Information shown ->
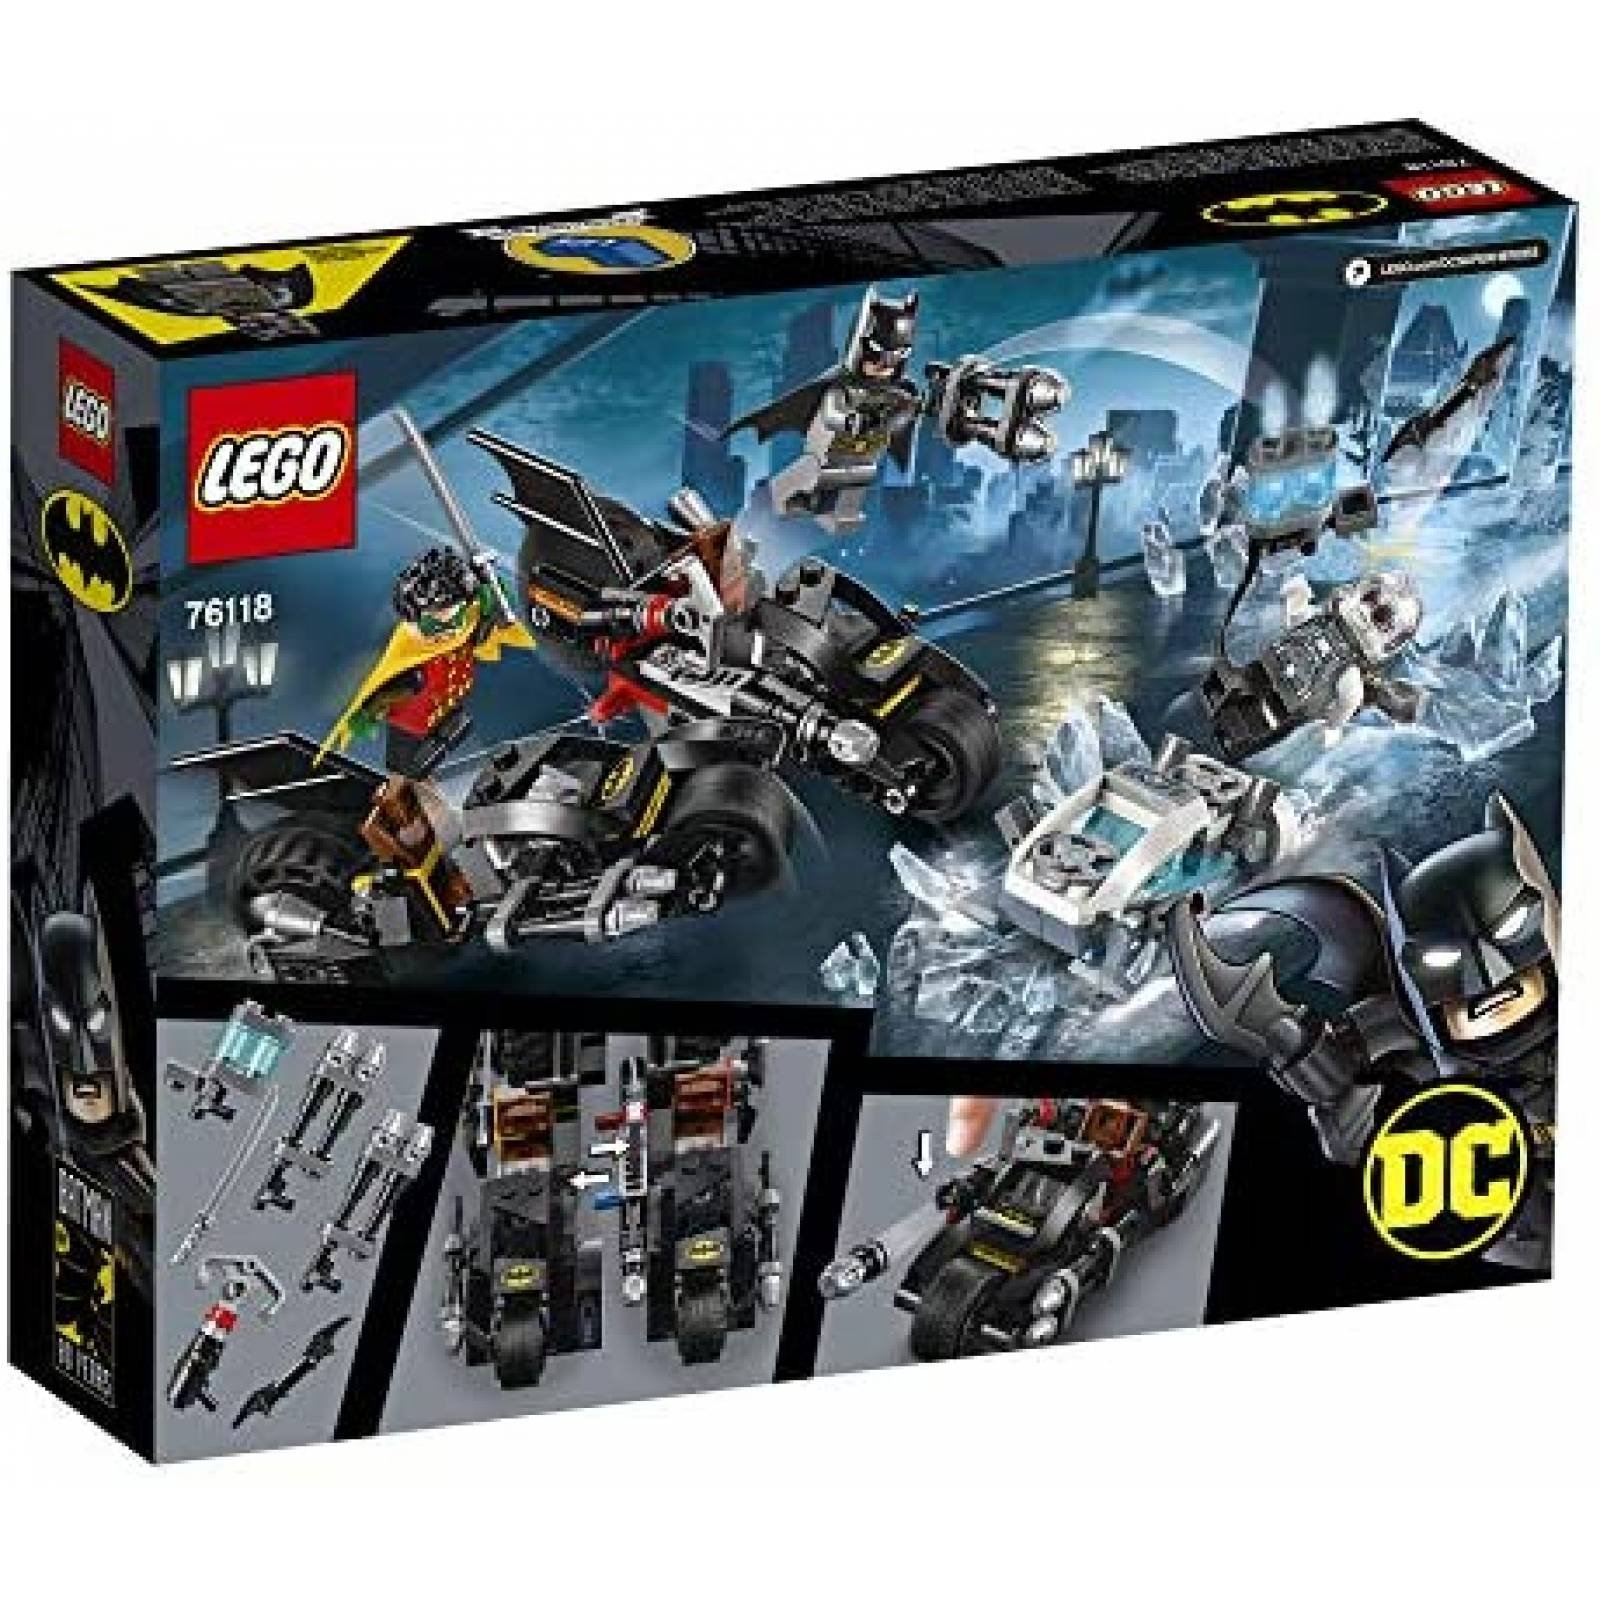 Set de Construcción LEGO Batman Mr. Freeze Batcycle 200 Pzs
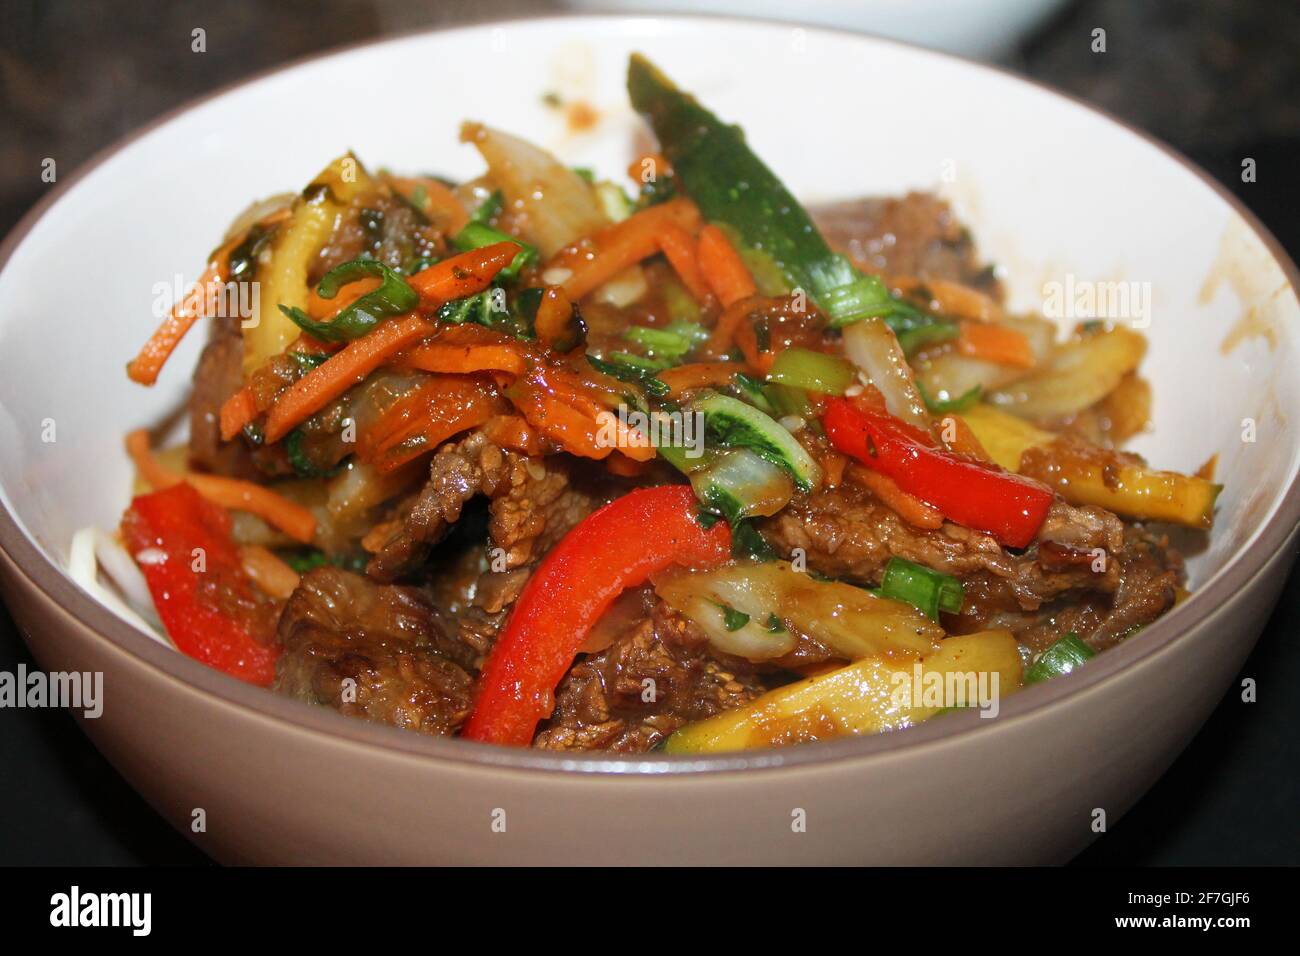 A close-up of the Korean beef stir-fry, Bulgogi, in a bowl. Stock Photo
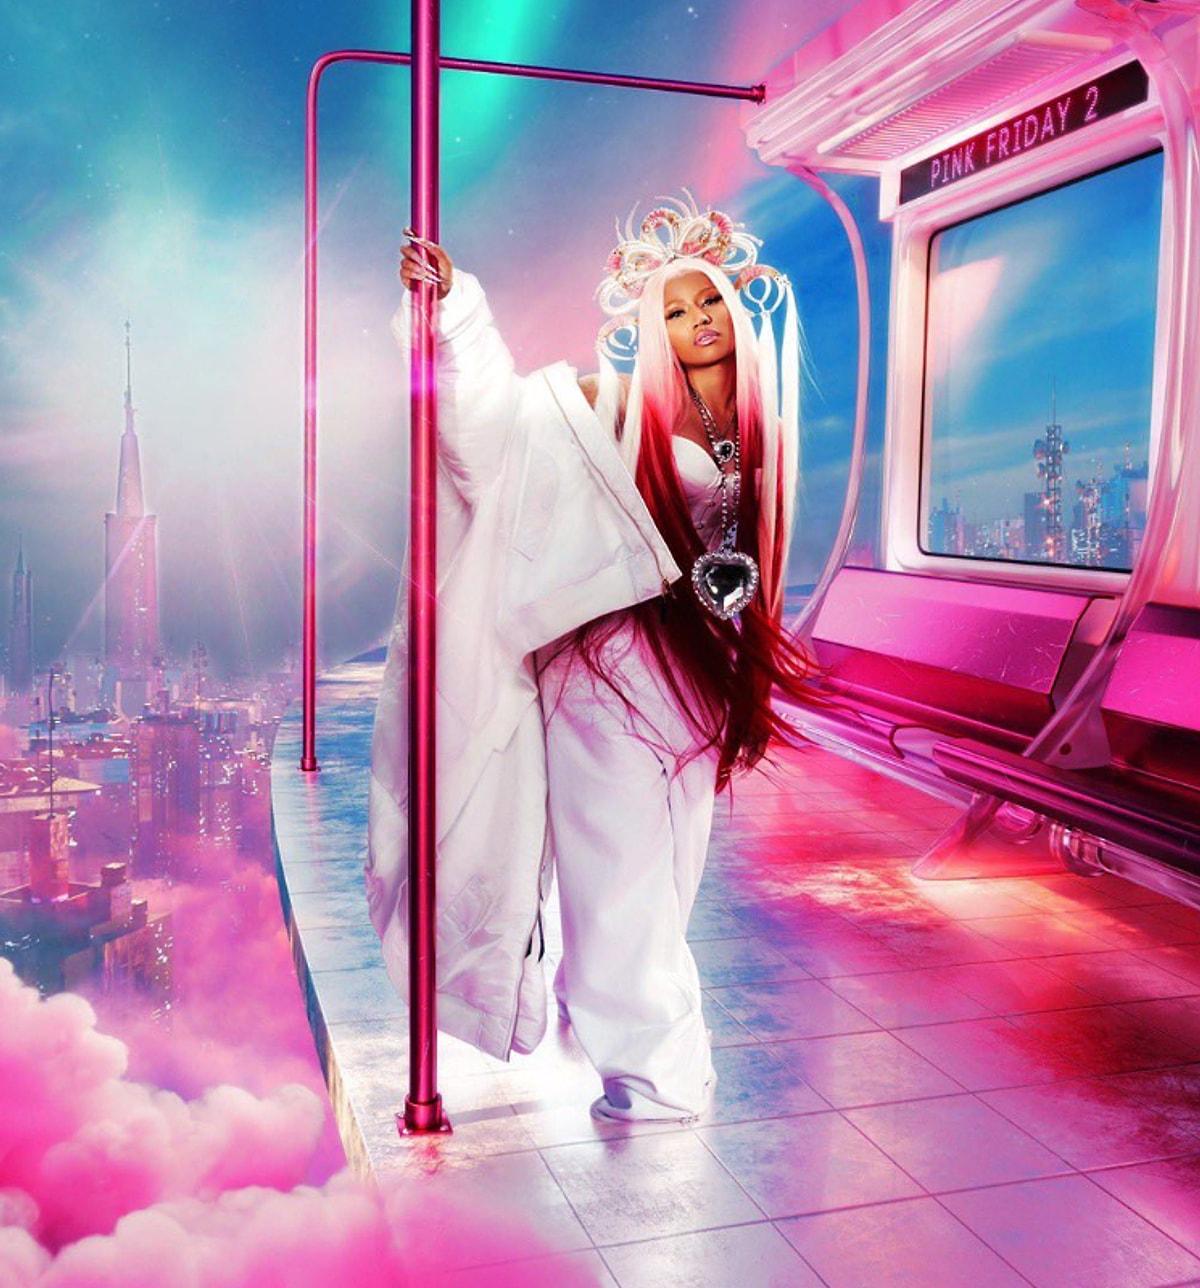 14. Nicki Minaj
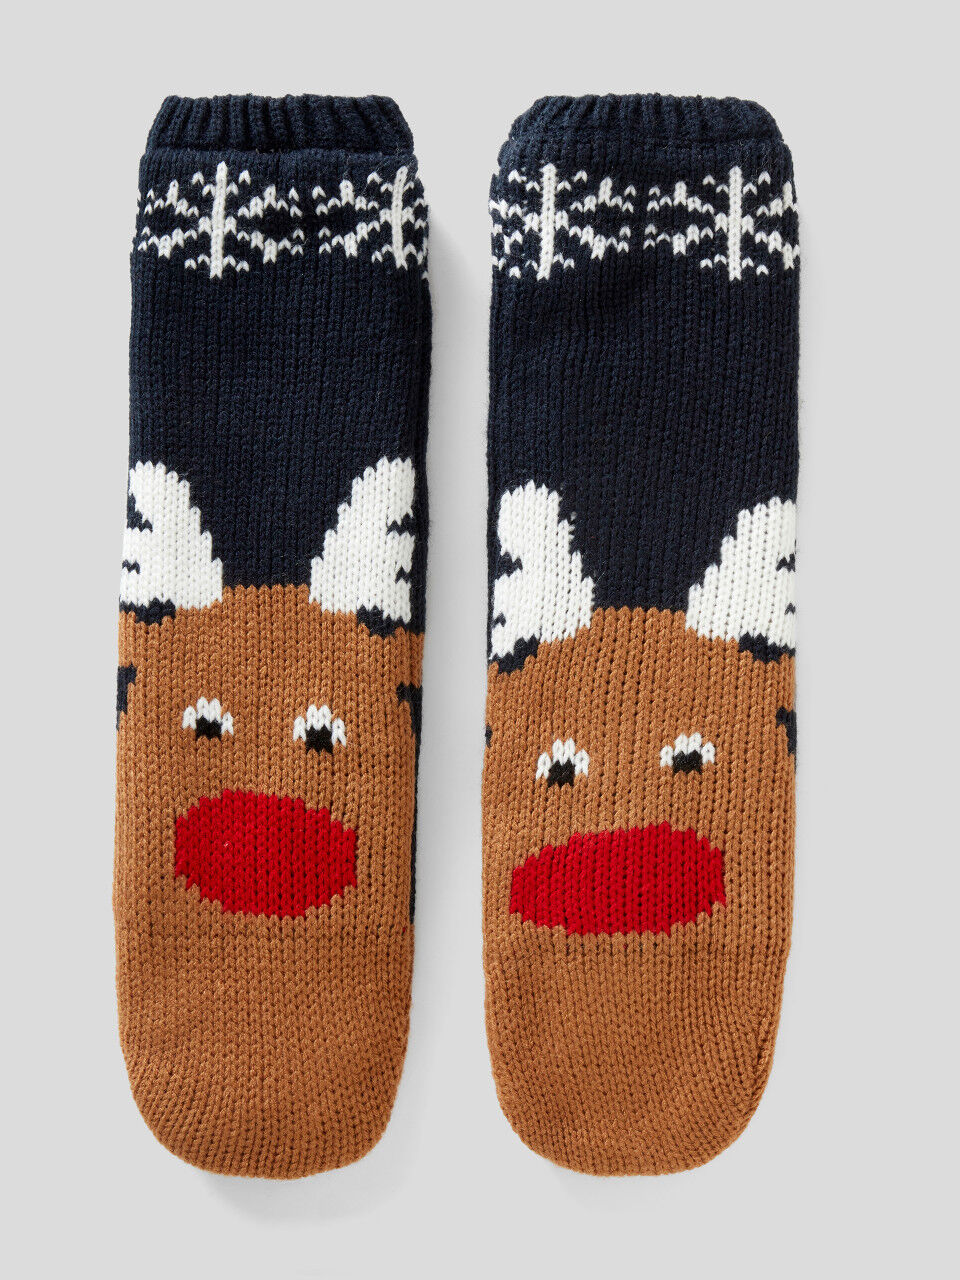 Knit reindeer socks
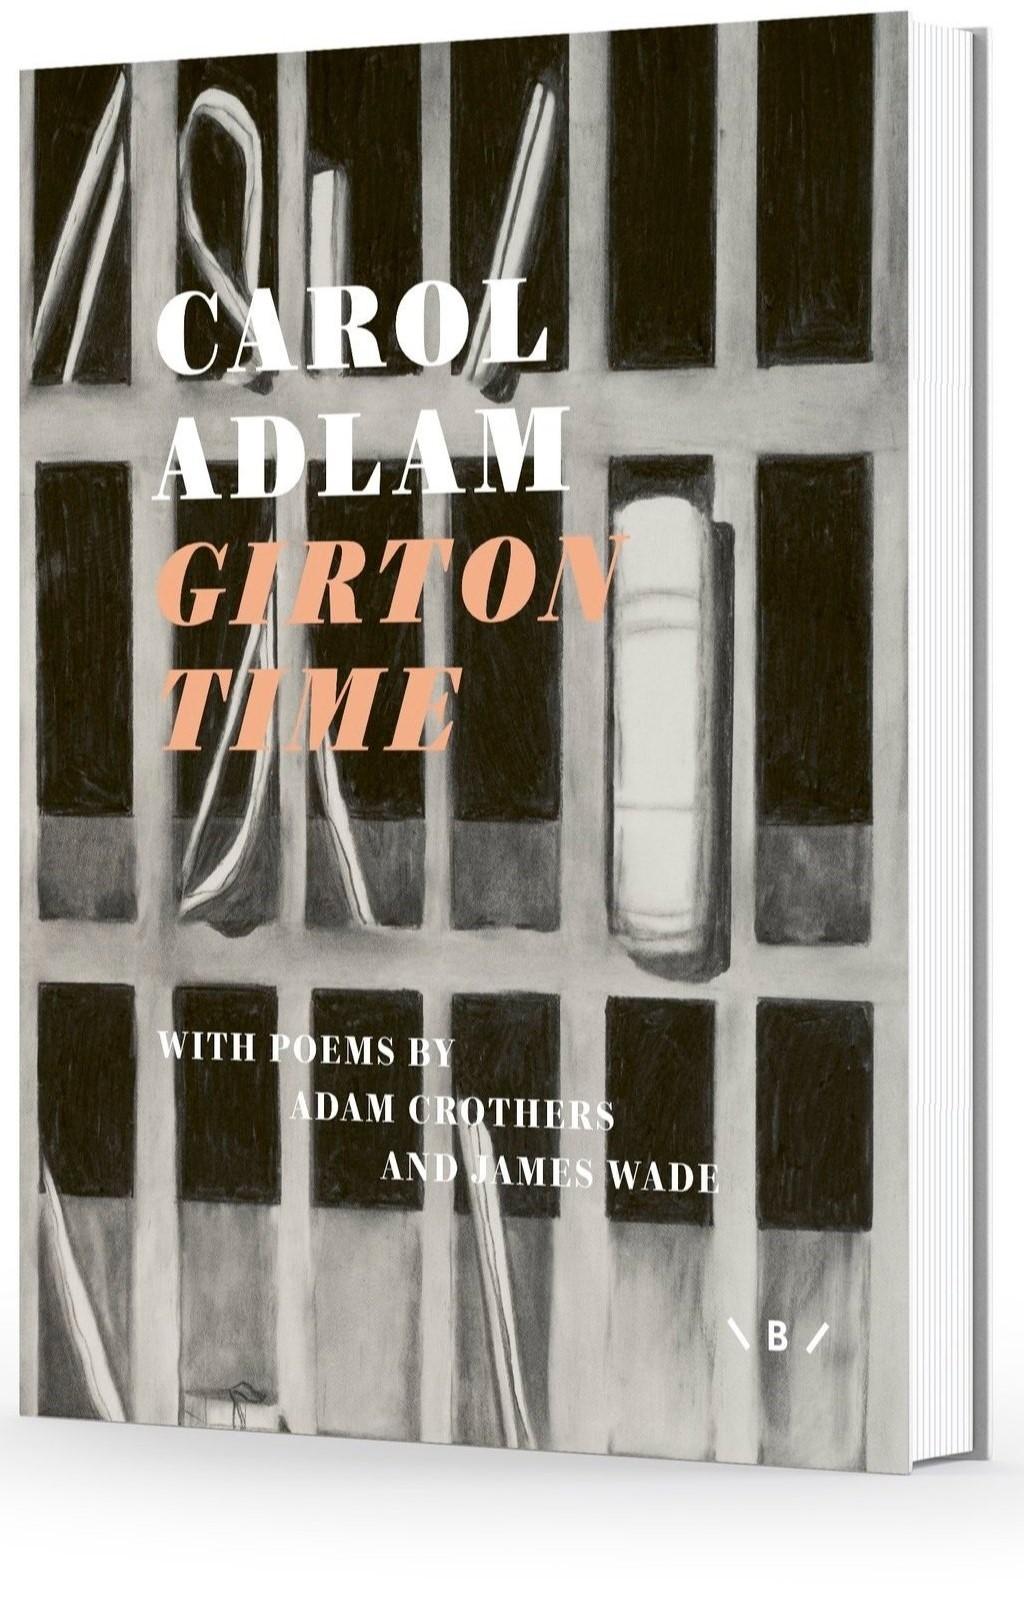 Carol Adlam's Girton Time book cover
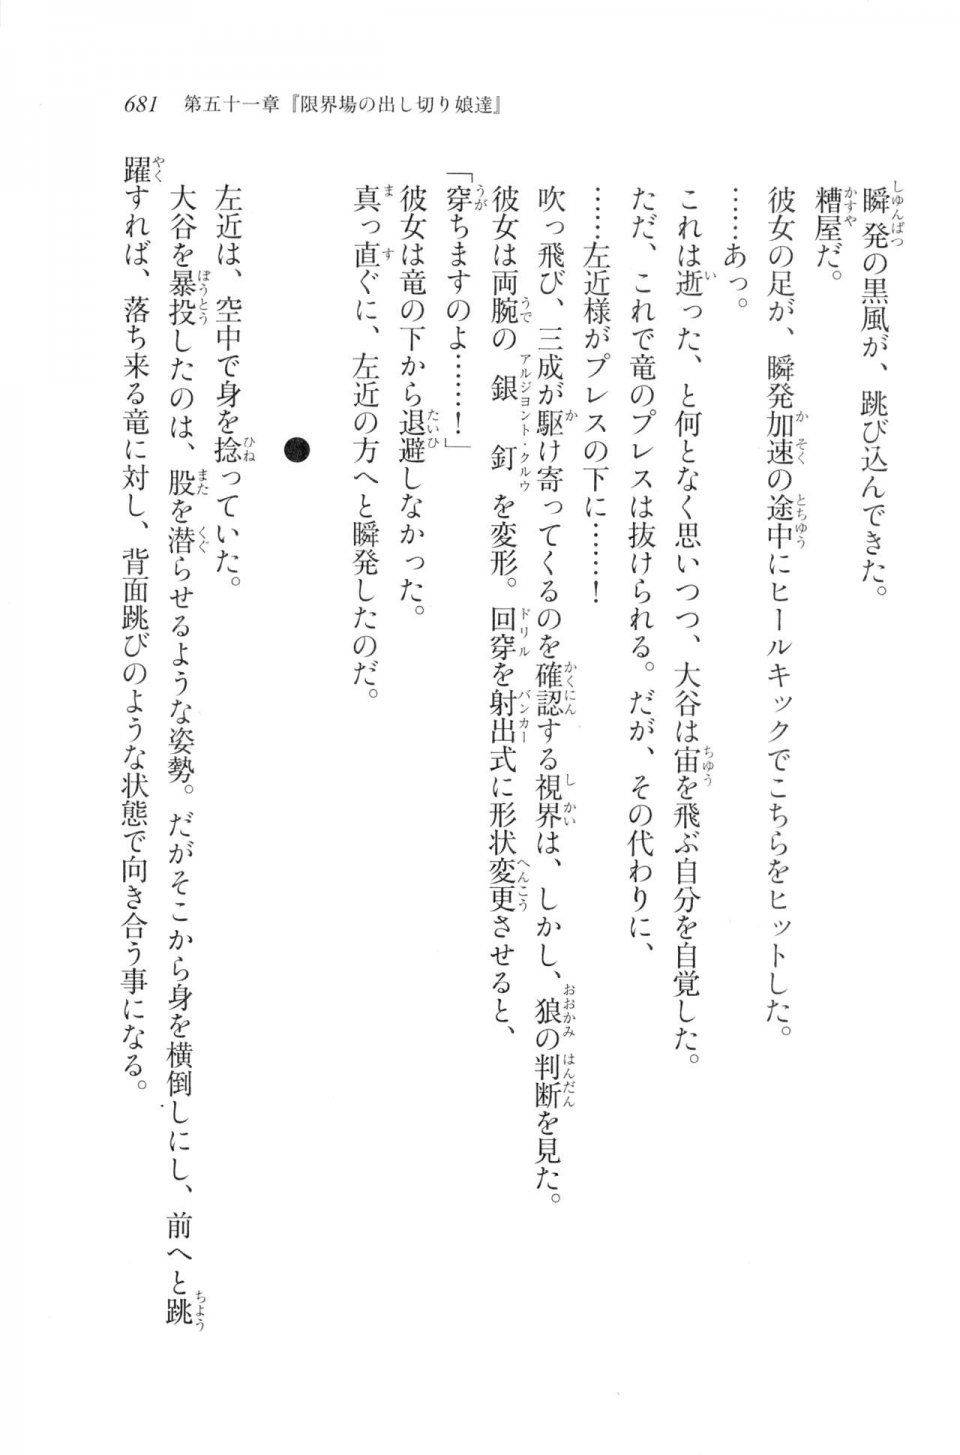 Kyoukai Senjou no Horizon LN Vol 20(8B) - Photo #681

Goal of the exercise ->
Nothing but the lines from the line containing "Carol Adlam's Girton Time book cover" through the last line of the records above should be written out, exactly and without the pictures.

Task output ->
 Carol Adlam's Girton Time book cover
 Kyoukai Senjou no Horizon LN Vol 20(8B) - Photo #681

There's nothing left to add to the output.